Because this was a strip search, the next issue to be decided is whether the search was properly conducted without a warrant. Three exceptions exist to the rule that a search warrant is required to conduct a strip search. The exception applicable to the present case is as follows:

(a) There is a reasonable suspicion to believe that a strip search is necessary to discover weapons, criminal evidence, contraband, or other thing concealed on the body of the person *599 to be searched, that constitutes a threat to the security of a holding, detention, or local correctional facility;

RCW 10.79.130(1)(a). For the purposes of subsection (1) of this section, a reasonable suspicion is deemed to be present when the person to be searched has been arrested for:

(c) An offense involving possession of a drug or controlled substance ...

RCW 10.79.130(2).

Here, Jones was arrested for an offense involving possession of cocaine which, under RCW 10.79.130(2)(c), automatically means that a reasonable suspicion is deemed to be present. Thus, the search was properly conducted without a warrant.

Jones next argues that Detective Connor either explicitly or implicitly threatened to use his gloved fingers to probe inside Jones' rectum, and that this was an improper threat because such a search was prohibited without a search warrant. See RCW 10.79.080(1). According to the record, the officers indicated to Jones that they thought he might have drugs in his rectum, and at the same time Detective Connor put rubber gloves on. The understanding was that Jones was to be more intensively searched.
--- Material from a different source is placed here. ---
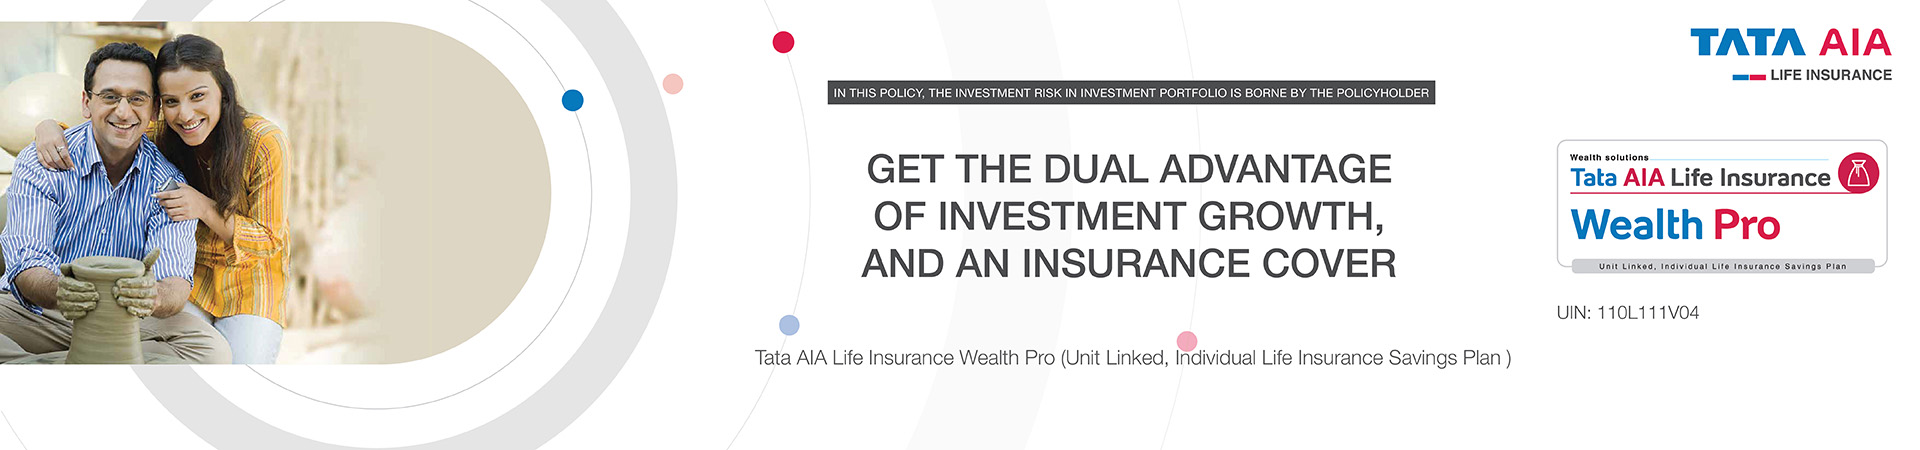 NRI - tata aig life insurance wealth pro

These facts could easily have led Jones to believe that he would be subject to a body cavity search.

[2] However, even if Jones thought he would be subject to a body cavity search, no unlawful search resulted from this assumption. The trial court found in its conclusions as to disputed facts that Jones did not touch or adjust the tube with his hands in response to his belief that he would be subjected to a body cavity search. Had he done so, that well may have constituted a search. See United States v. Mastberg, 503 F.2d 465, 471 (9th Cir.1974) (where defendant was told by border inspector that if she did not remove object from her body cavity a doctor would be called to do so, defendant's removal of the object constituted a "search"). However here, Jones simply offered to remove the tube himself. That offer alone did not constitute an illegal search.
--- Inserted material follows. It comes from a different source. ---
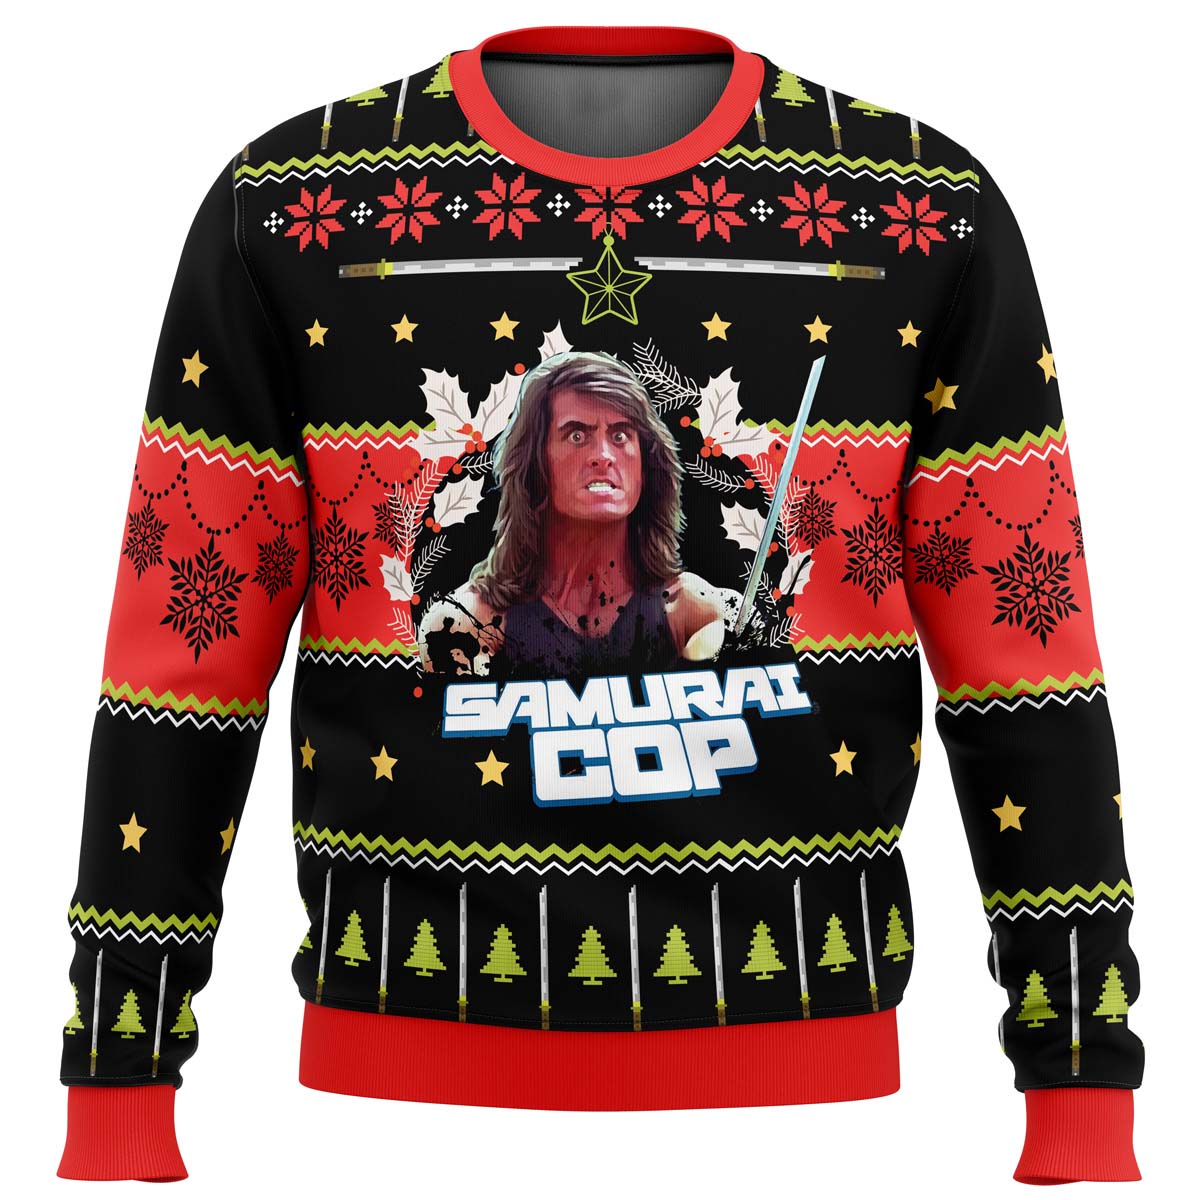 Samurai Cop Ugly Christmas Sweater

*600 Accordingly, we conclude that the search was a strip search and not a body cavity search, and that the motion to suppress was properly denied.

Pursuant to RCW 2.06.040, the remainder of this opinion, not being precedential, will not be published.

GROSSE and AGID, JJ., concur.

Review denied at 126 Wash. 2d 1016 (1995).

NOTES

[*] This opinion was filed after the retirement of Judge Jack P. Scholfield, but it was signed by Judge Scholfield prior to his retirement.

[1] Apparently, while in the patrol car, Jones had managed to empty the tube of its contents.

[2] North Carolina v. Alford, 400 U.S. 25, 27 L. Ed. 2d 162, 91 S. Ct. 160 (1970).

[3] This conclusion is supported by United States v. Holtz, 479 F.2d 89, 92 (9th Cir.1973) (search was held to be a strip search and not a body cavity search where the defendant was required to bend over and spread her buttocks revealing a prophylactic hanging from her vaginal area, and the inspectress seized the prophylactic).